Just because an event may not reshape the economy doesn’t mean its effects won’t be acutely felt: Eligible striking workers are making less while on strike, receiving stipends of $500 a week from a strike fund instead of their salary. Having less spending money may cause real pain for striking workers and their families, and may cause local businesses in striking communities to suffer too. Gabriel Ehrlich, an economic forecaster at the University of Michigan, emphasized this when we spoke, even as he explained that the strike would not likely affect the trajectory of Michigan’s economy (though not the only state targeted in the strikes, it is the historic seat of the American car industry), much less the national one. And, he added, if striking workers get a strong contract that includes pay raises, their spending power could even go up soon. In a “worst-case scenario,” he said, a dragged-out strike against all three companies at once could affect job-loss numbers and cause disruption to the national economy. But in the meantime, select workers (and the targeted carmakers and other companies, such as parts manufacturers, that do business with them) are likely to feel the effect of the strikes more acutely than the general public.
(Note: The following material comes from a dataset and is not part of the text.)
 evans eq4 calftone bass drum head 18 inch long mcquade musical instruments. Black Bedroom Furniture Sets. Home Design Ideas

Harry Katz, a collective-bargaining professor at the School of Industrial and Labor Relations at Cornell, told me that he sees potential for compromise between the two sides, and thinks the talks are unlikely to stretch on for several months. Some of the issues in play in the UAW’s current negotiation with carmakers include higher pay—the union has asked for nearly 40 percent raises over four years, rejecting the carmakers’ offer of a roughly 20 percent bump—and job preservation in the era of electric vehicles. “I don’t think that this is a fight to the death,” Katz said. The UAW and the auto manufacturers were in talks this past weekend, and the union’s president said yesterday that if the talks don’t progress by noon on Friday, it may expand the number of workers participating in the strike. UAW did not immediately respond to my request for comment.

Carmaking looms large in the American psyche: Americans tend to think of the auto industry as powerful. But the industry is much smaller than it once was, and much less unionized. In the heyday of American car manufacturing after the Second World War, Katz noted, 95 percent of workers in the independent auto-parts sector were in unions. Now that figure is closer to 5 percent. As the size and heft of the auto industry have declined, so, too, has the power of a strike to affect America’s economy.
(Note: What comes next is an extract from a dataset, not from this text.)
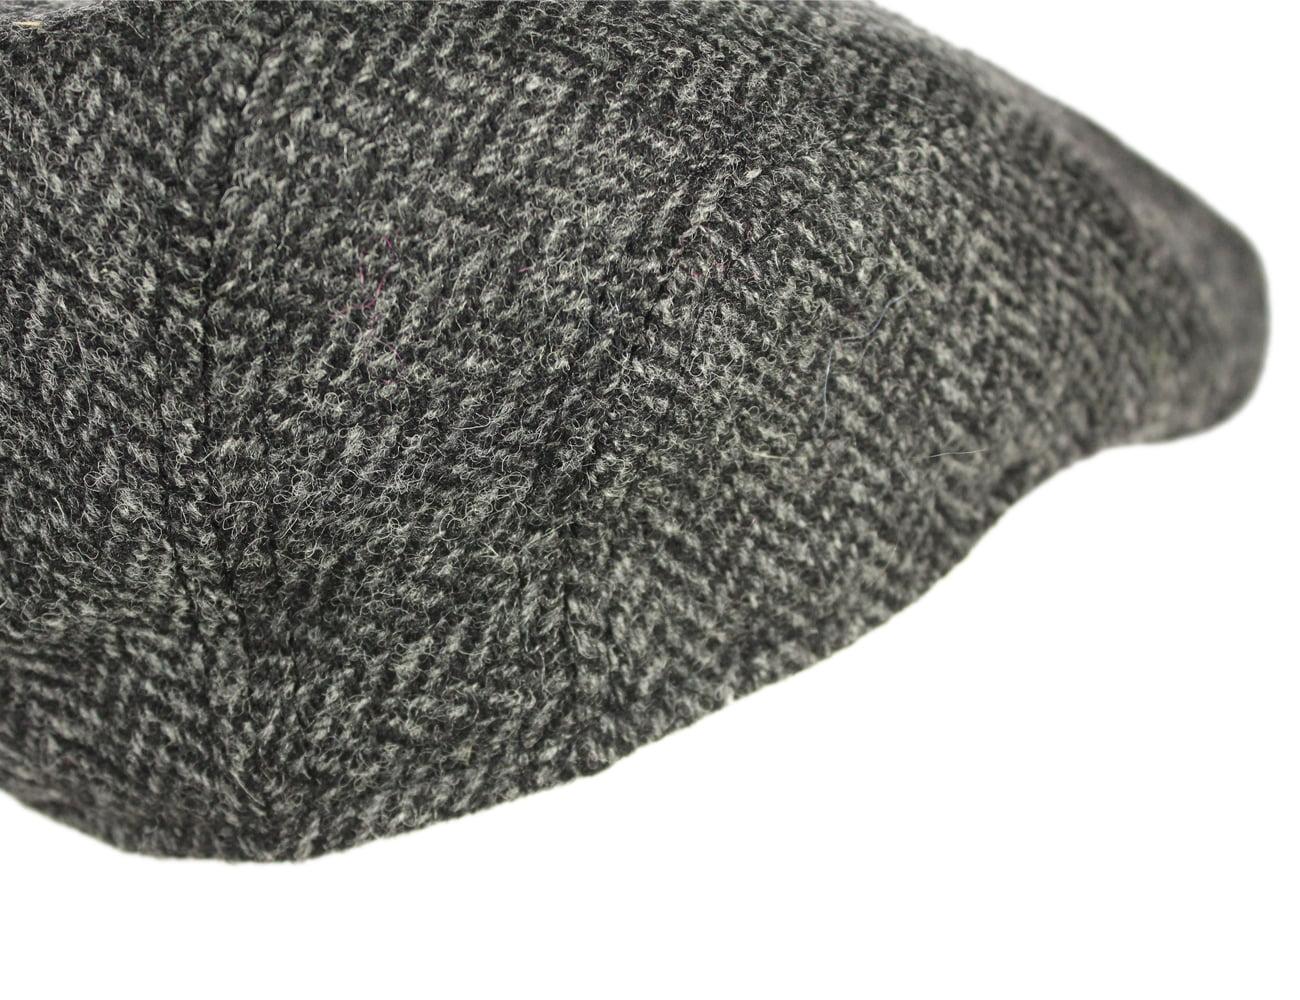 7705cb17cbaff duckbill scally cap irish tweed structured made in ireland - Walmart.com

One week ago, the public did not know whether, or how many, UAW workers would go on strike. Now we don’t know where the strike will be in a week’s time, or the week after that. The stakes will continue to rise, not only for workers and the carmakers, but for President Joe Biden too. Biden has thrown his support behind the striking workers, though his electric-vehicle ambitions are a source of tension in the negotiations, and the UAW has not endorsed him. “Biden still is aligned with the labor movement, and I don’t think it helps him if there was a really big, long strike,” Katz explained. “I think that’s a more potent effect than the effect on the economy.”